The Home ATM Still Open in Q1 2022; Closing Soon

by Calculated Risk on 6/09/2022 01:37:00 PM

Today, in the Real Estate Newsletter: The Home ATM Still Open in Q1 2022; Closing Soon

Excerpt:

First, here is the quarterly increase in mortgage debt from the Federal Reserve’s report since 2000. In the mid ‘00s, there was a large increase in mortgage debt associated with the housing bubble.

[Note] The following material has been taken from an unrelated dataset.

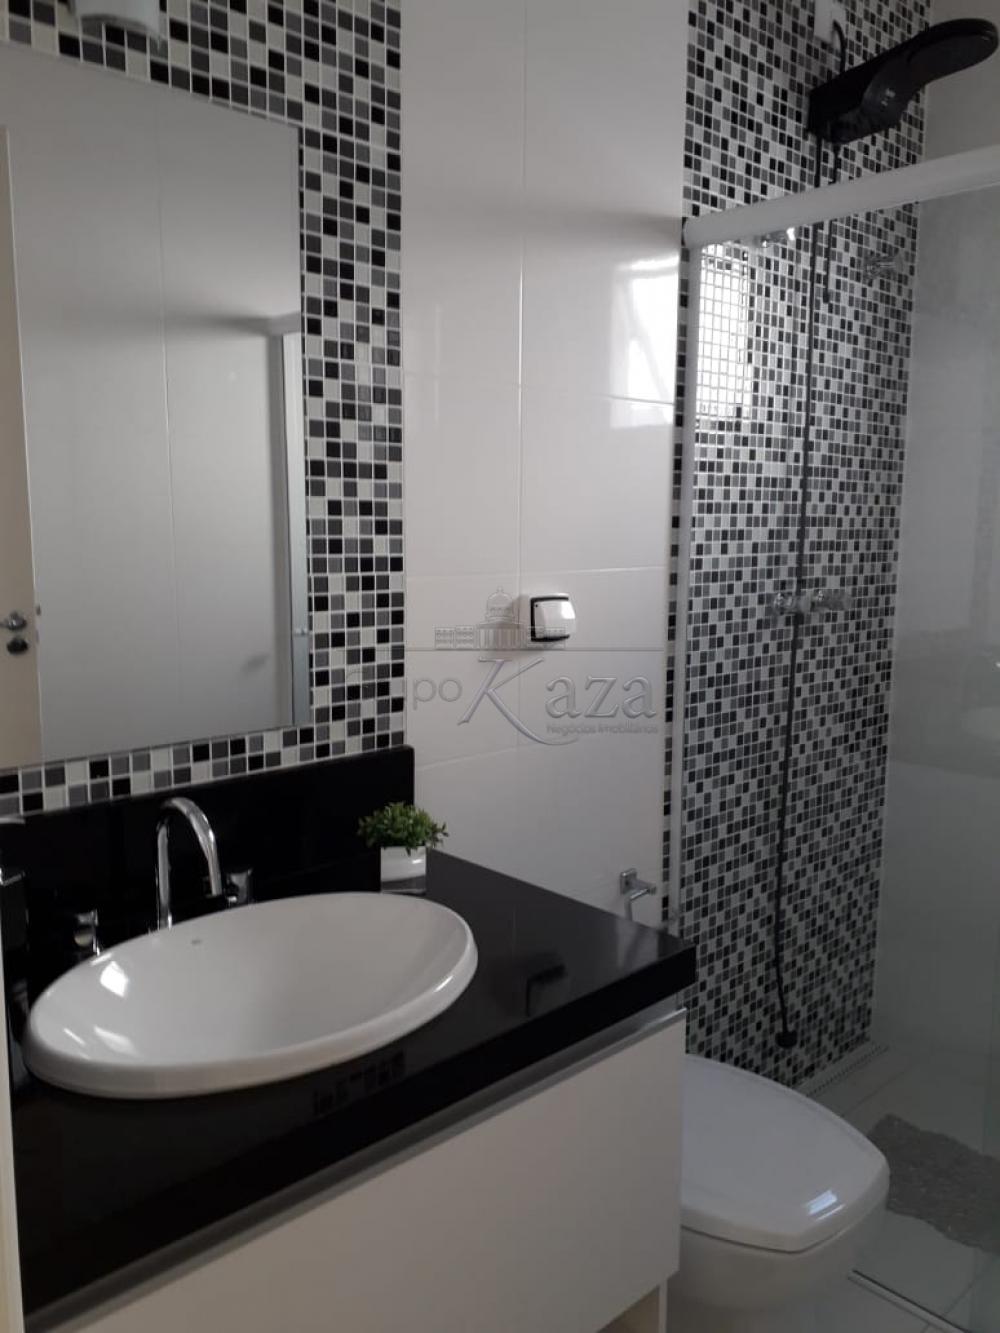 Comprar Casa / Condomínio em São José dos Campos apenas R$ 960.000,00 - Foto 21

Mortgage Equity WithdrawalIn Q1 2022, mortgage debt increased $222 billion, slightly lower than the three previous quarters. Note the almost 7 years of declining mortgage debt as distressed sales (foreclosures and short sales) wiped out a significant amount of debt.

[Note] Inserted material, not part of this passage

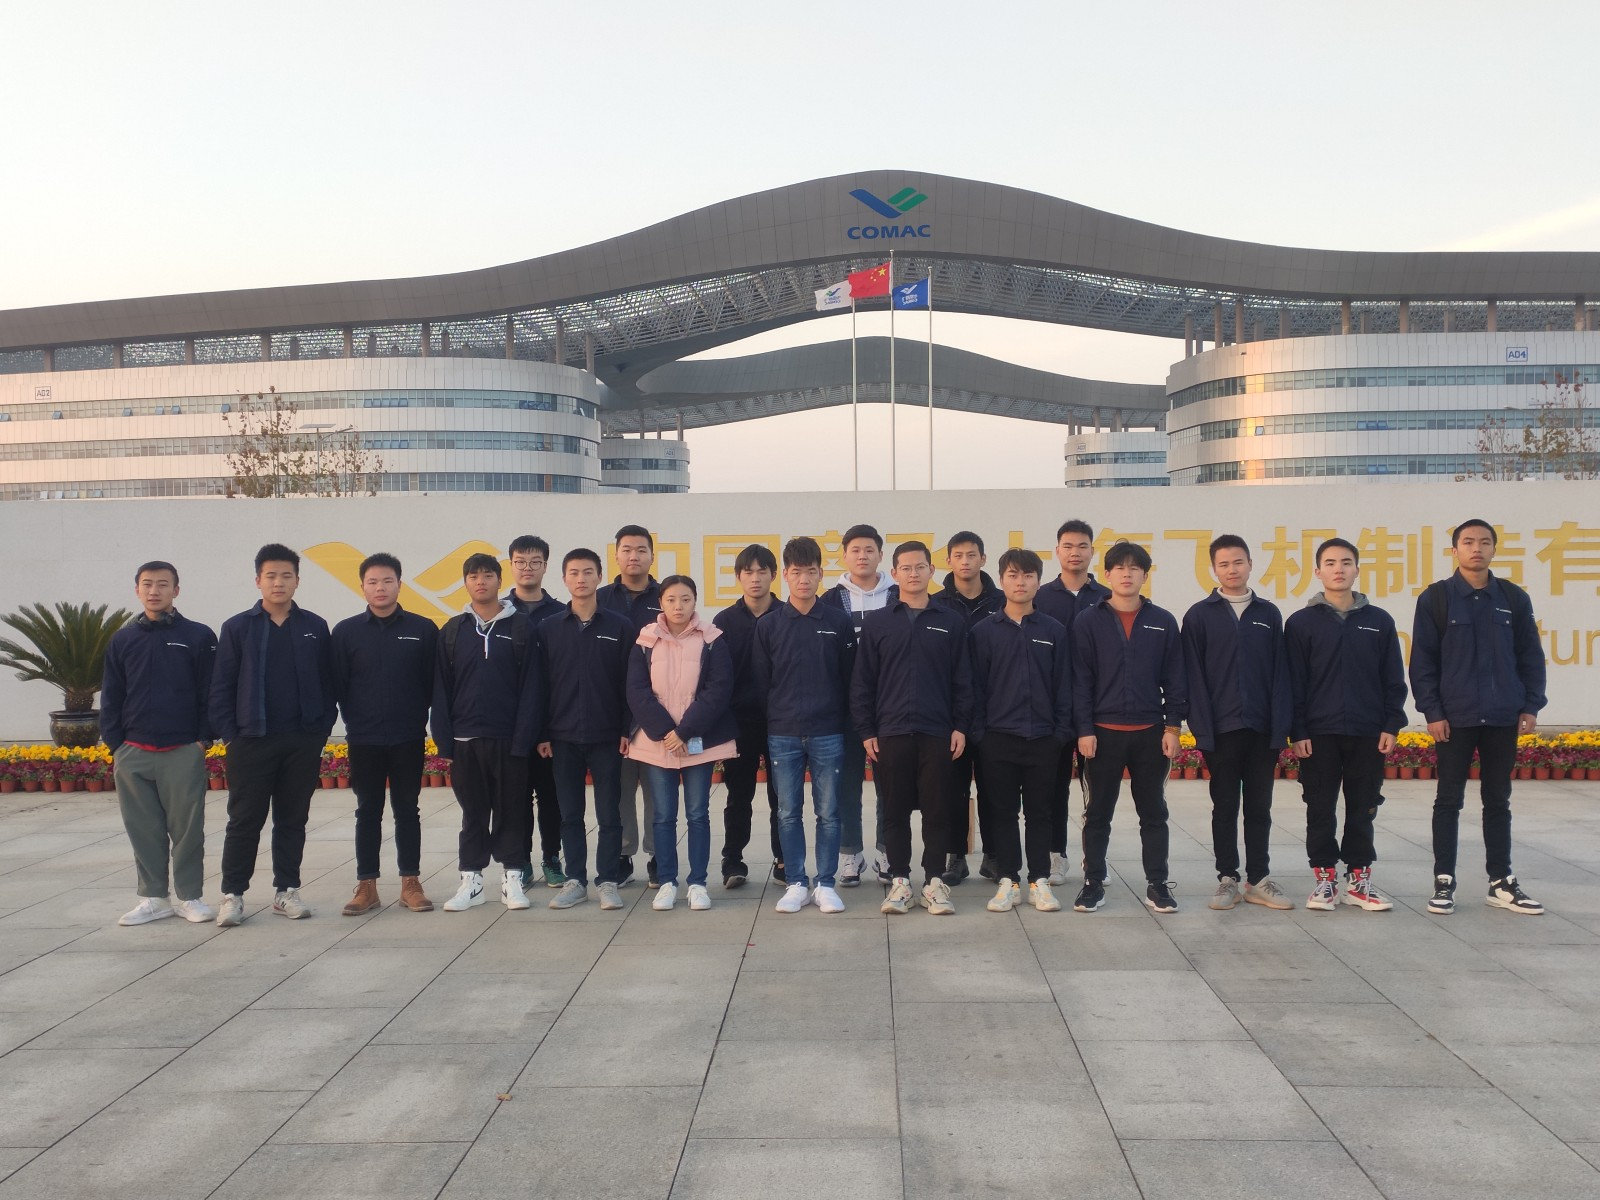 中国商飞上海飞机制造公司就业学生.jpg

However, some of this debt is being used to increase the housing stock (purchase new homes), so this isn’t all MEW.
...
The bottom line is the recent increase in MEW is not concerning - it is far less as a percent of disposable personal income than during the bubble, and most homeowners have substantial equity.

Also, it is very likely that MEW will decrease sharply in 2022 as refinance activity declines due to higher mortgage rates. I expect significantly lower levels of MEW in the last three quarters of2022.
There is much more in the article. You can subscribe at https://calculatedrisk.substack.com/ (All ad free, most content free).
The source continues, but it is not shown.